Triodos charges £3 a month for its current account, a move that is slightly against the grain of the multitude of the UK’s ‘free’ banking accounts.

“The UK really is an anomaly in the world and in Europe in terms of our model of so-called free banking. We really sat back and saw an opportunity to do something different,” Davies explains.

“There is no such thing as free banking. We all know that the banks make £1.2bn in revenue from fees and charges often related to unarranged overdrafts and hidden penalty fees. The notion that it is free is a myth in our opinion because someone is always paying and the minority of people are absolutely subsidising free banking for a lot of people.

“We could have carried on with the fee structure, but we didn’t think that was right. We took a different approach and decided to charge a flat monthly fee to everybody to contribute in part to the day-to-day running and provision of the account.

“On the flipside, we’re not going to be taking the high and hidden charges that other banks may take. We’ll have a competitive arranged overdraft rate. Any payments over an arranged overdraft would be returned or declined, but we will make sure that the customer is aware when coming up to limits.”

Getting the message out

The problem with a new bank or current account in the market is making the public aware of the offering. With big banks having the history and the marketing budget that escapes newer entrants, how can anyone hope to compete?

Unity Trust launched a new website in April 2017 in an attempt to make it quicker and easier for engagement.

This was followed by six digital sheet adverts in train stations across the UK, as well as radio and print adverts.

Triodos recognises the struggle, but it making attempts to gain a bit of attention past its current 50,000 customers in the UK.

“We’ve had that problem for a while now,” Davies adds. “We’ve been growing sustainably and we have a wide range of ways of getting our message out.

“Interestingly, I think we’re quite a rare example of a bank of which our customers are very fond because of the nature of what we’re doing and that we’re facilitating positive change. When they know about us, they think it’s a great idea. The challenge we have is quite different from a lot of the banks in that it’s a positive message that we need to get out rather than being known but not likes. It’s a distinct marketing challenge and one that we’ve been dealing with for a while now.

“We’ve had the initial launch and were pleased with the coverage. We have a lot of engagement on social media, maybe unusually for a bank. We have a huge amount of social media engagement with customers and non-customers, possibly due to our stories.”

Future of ethical banking: what’s the goal?

Davies claims that Triodos’ target is to double its customer number in the UK within a couple of years. If the demand is higher, then the situation will be evaluated for sustainable growth.

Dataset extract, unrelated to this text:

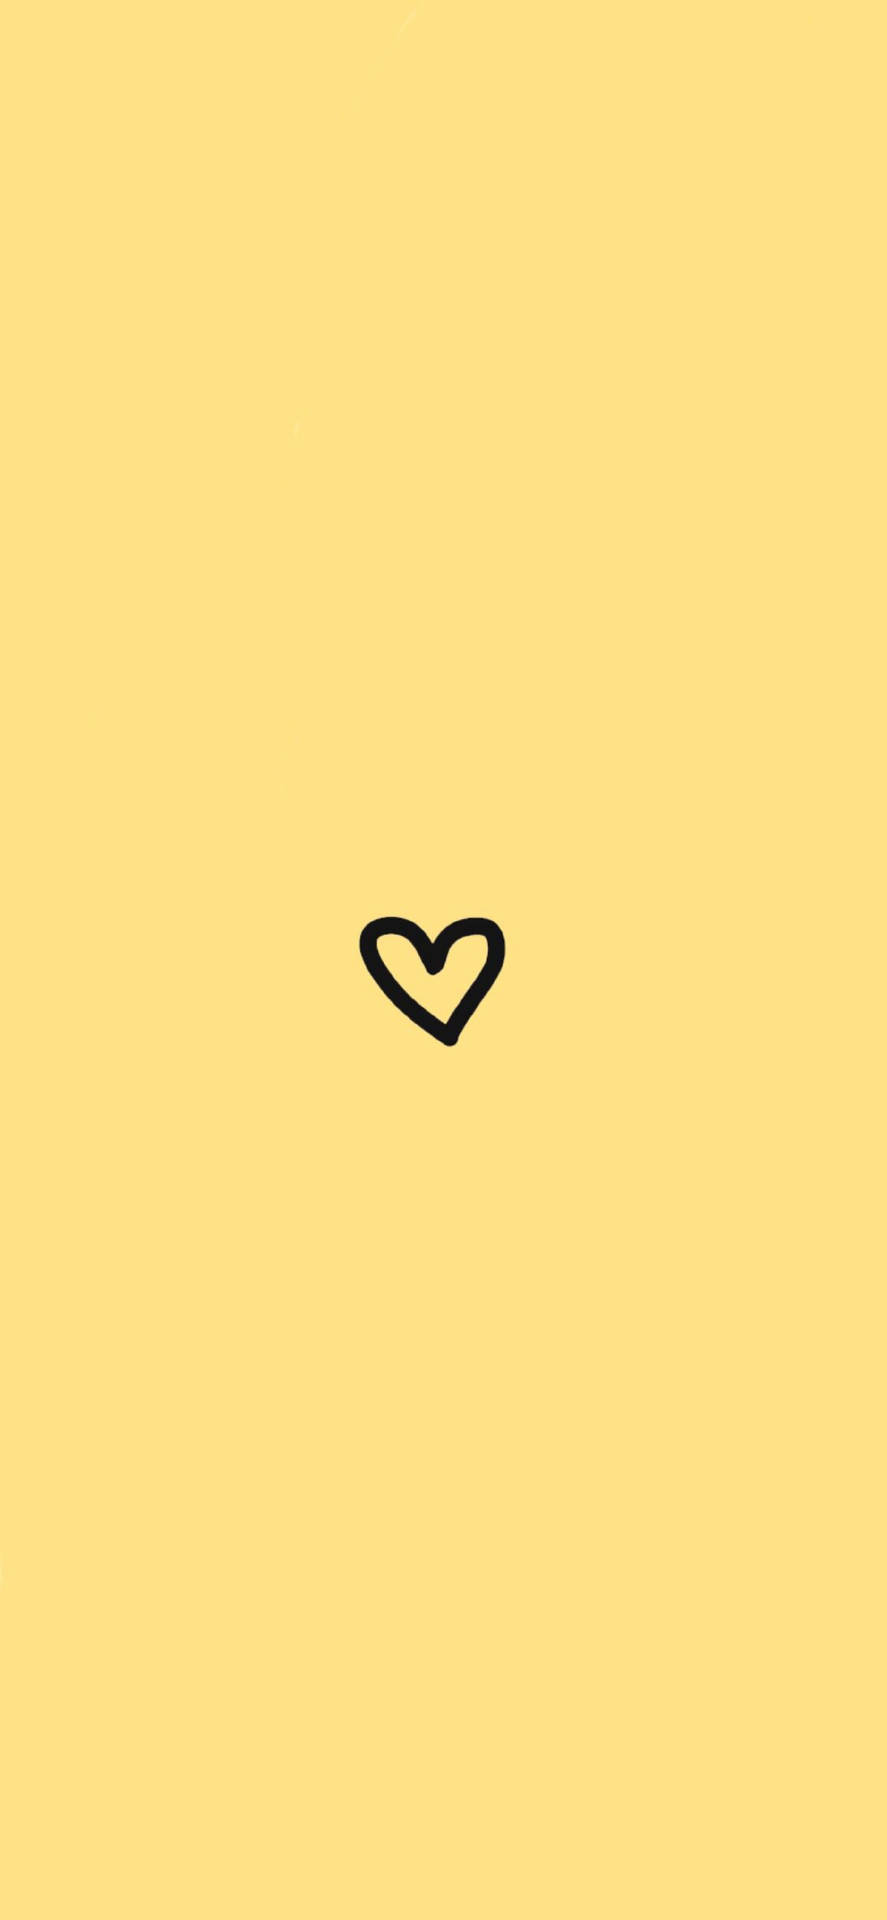 Minimalist Heart Yellow Instagram Profile Wallpaper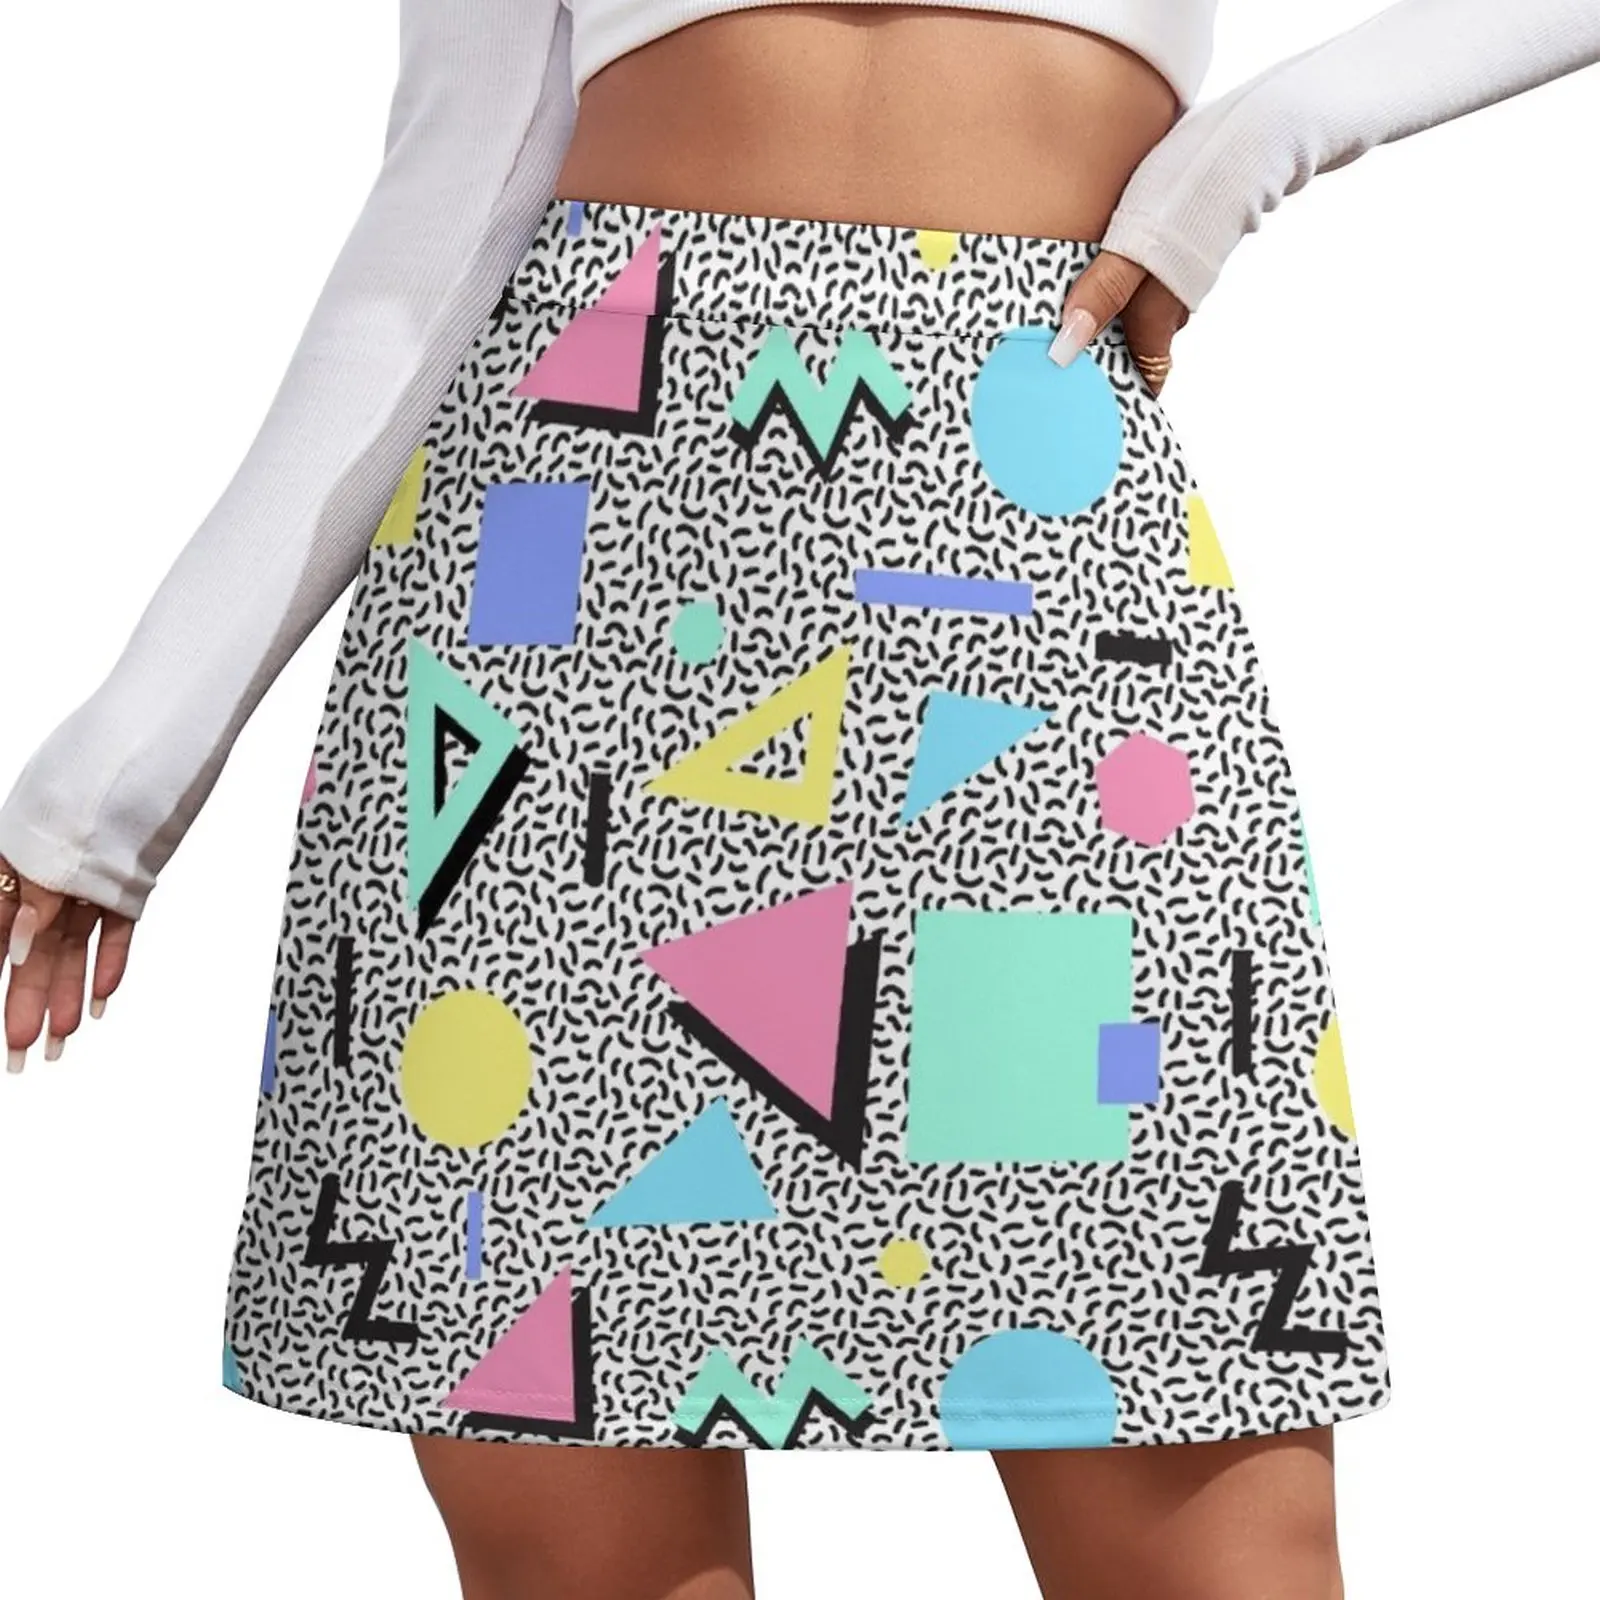 Memphis Pastel Mini Skirt midi skirt for women Woman skirts skirts for womens night club outfit

He says: “It’s fair to say, by any banks’ standards, doubling a bank’s numbers in a couple of years is quite an ambitious target.”

Bringing it back to Co-operative Bank, how can Triodos succeed where, arguably, Co-op failed? How will this offering be any different?

Davies concludes: “The main difference between us and Co-op, which has done some really good work with bringing in that voice in high street banking, is that their focus is on negative screening. We take that a step further and only lend to people making a positive impact. It can’t be neutral.

“I think we need different banks and different bankers. Financial services have really lost their way in the last 10-20 years. I suppose part of our message is to really think about the role of money. The notion that banks are big untouchable organisation that cannot be changed is something that I do not believe.”

A strong message, but it remains to be seen whether the customers believe it as well.